#### Exercise prompt
Using the listing below, set down exactly the lines from the one that contains "Star Trek: The" through the one that contains "the latest 6e0e6", with no pictures.

#### Provided data
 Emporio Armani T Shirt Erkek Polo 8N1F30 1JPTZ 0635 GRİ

==

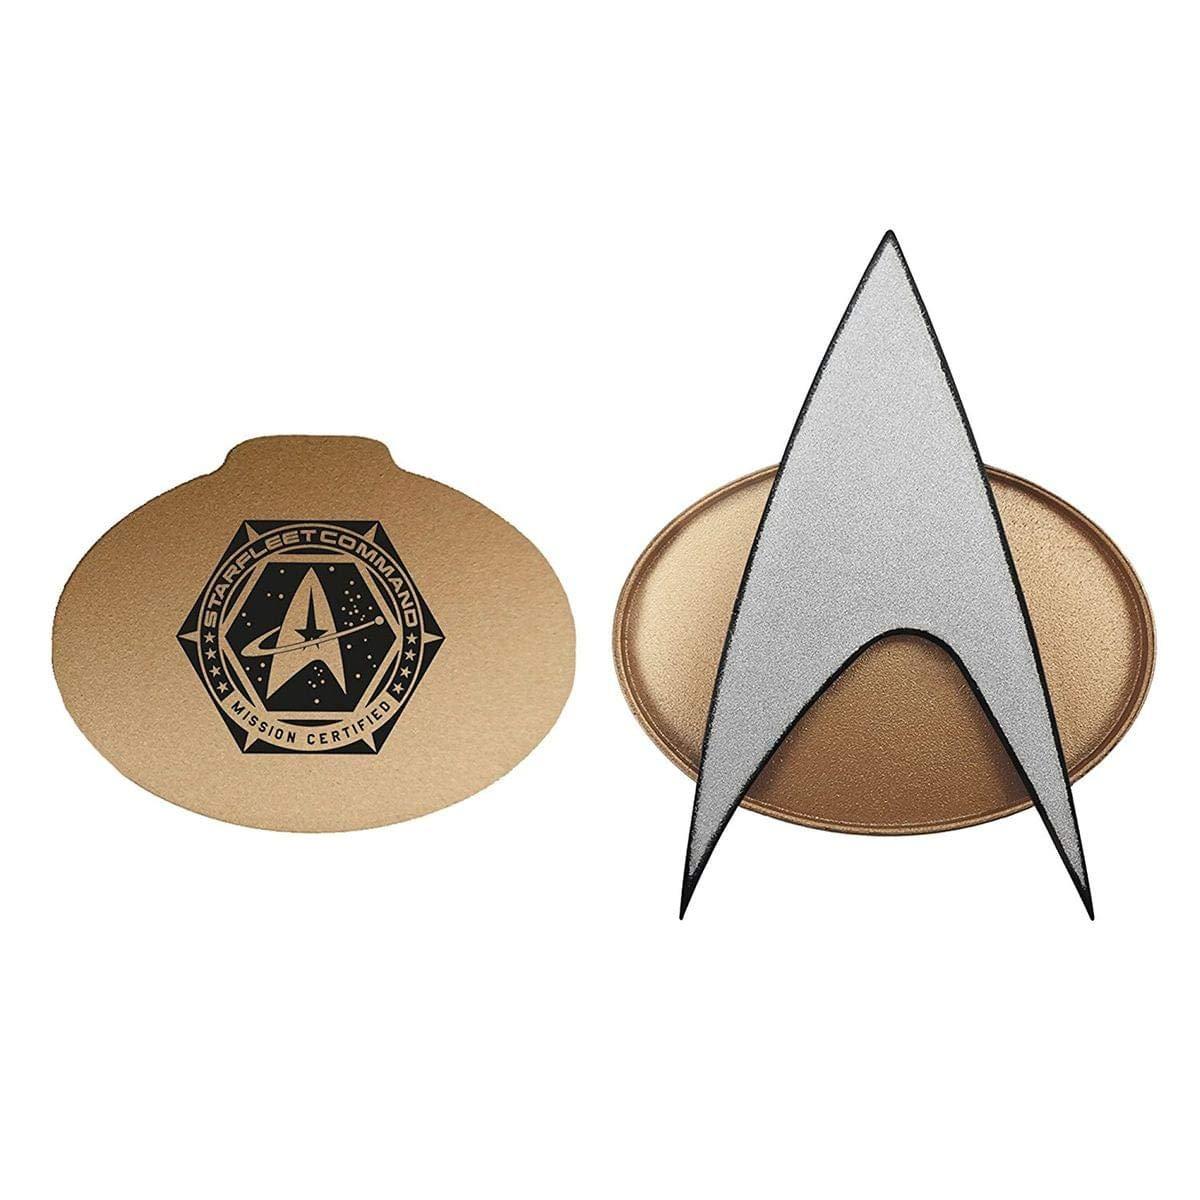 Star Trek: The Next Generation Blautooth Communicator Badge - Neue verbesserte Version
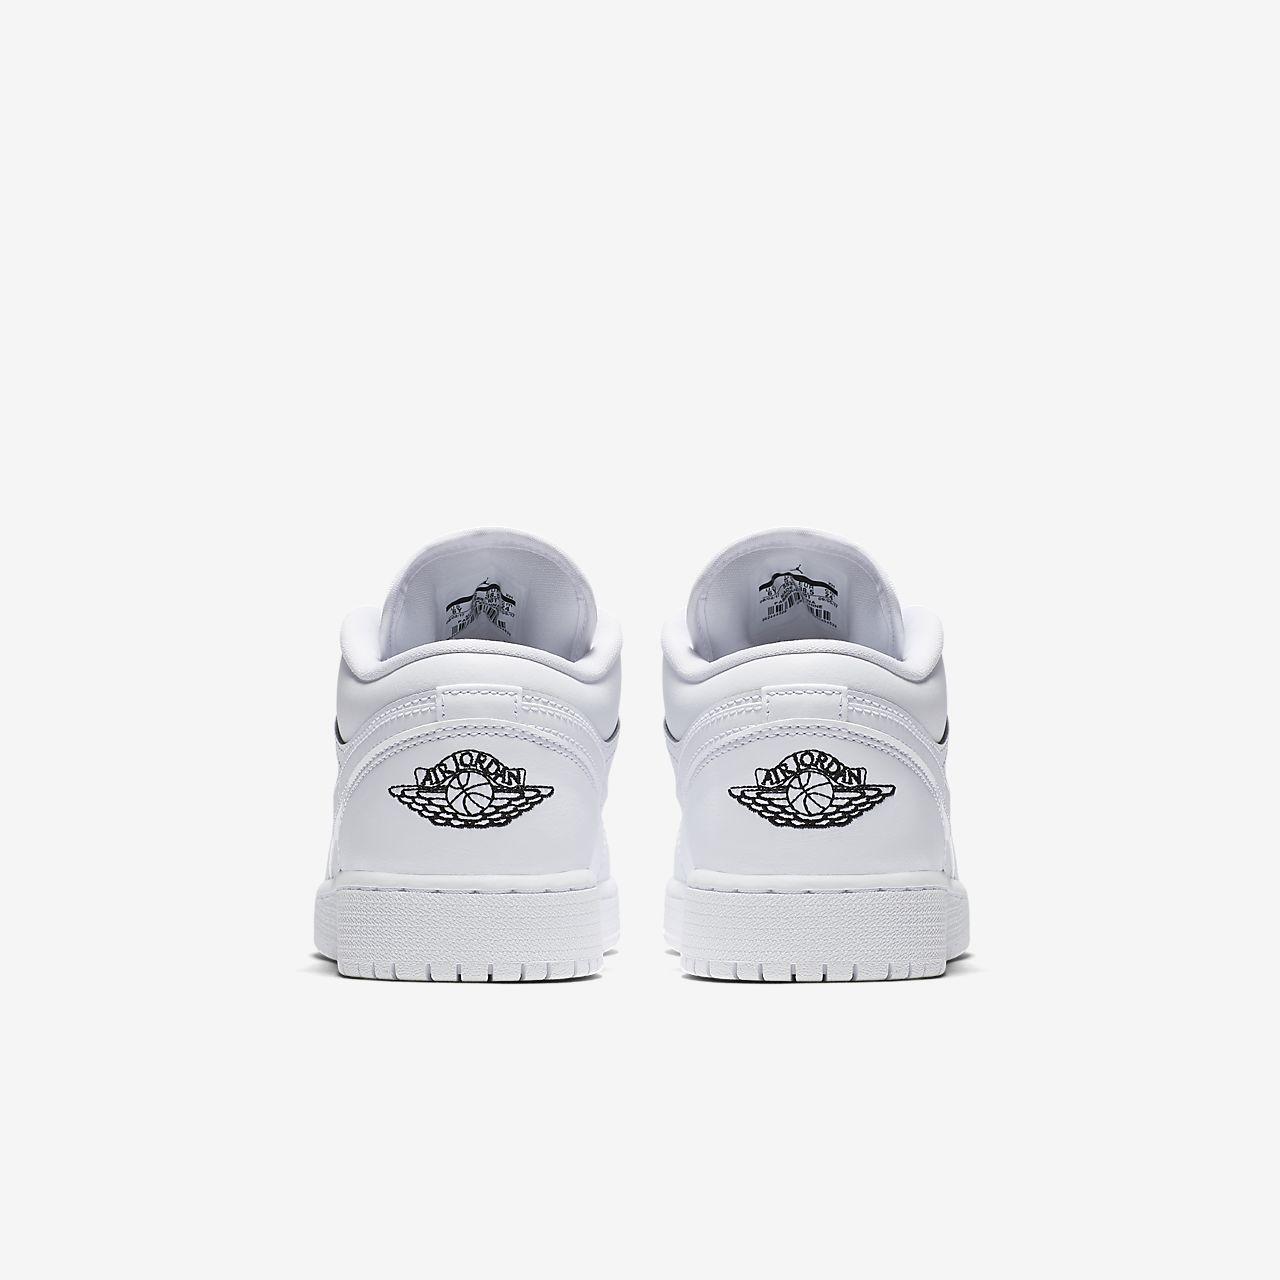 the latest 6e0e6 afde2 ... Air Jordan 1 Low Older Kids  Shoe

#### Solution to the problem
 Star Trek: The Next Generation Blautooth Communicator Badge - Neue verbesserte Version
 the latest 6e0e6 afde2 ... Air Jordan 1 Low Older Kids  Shoe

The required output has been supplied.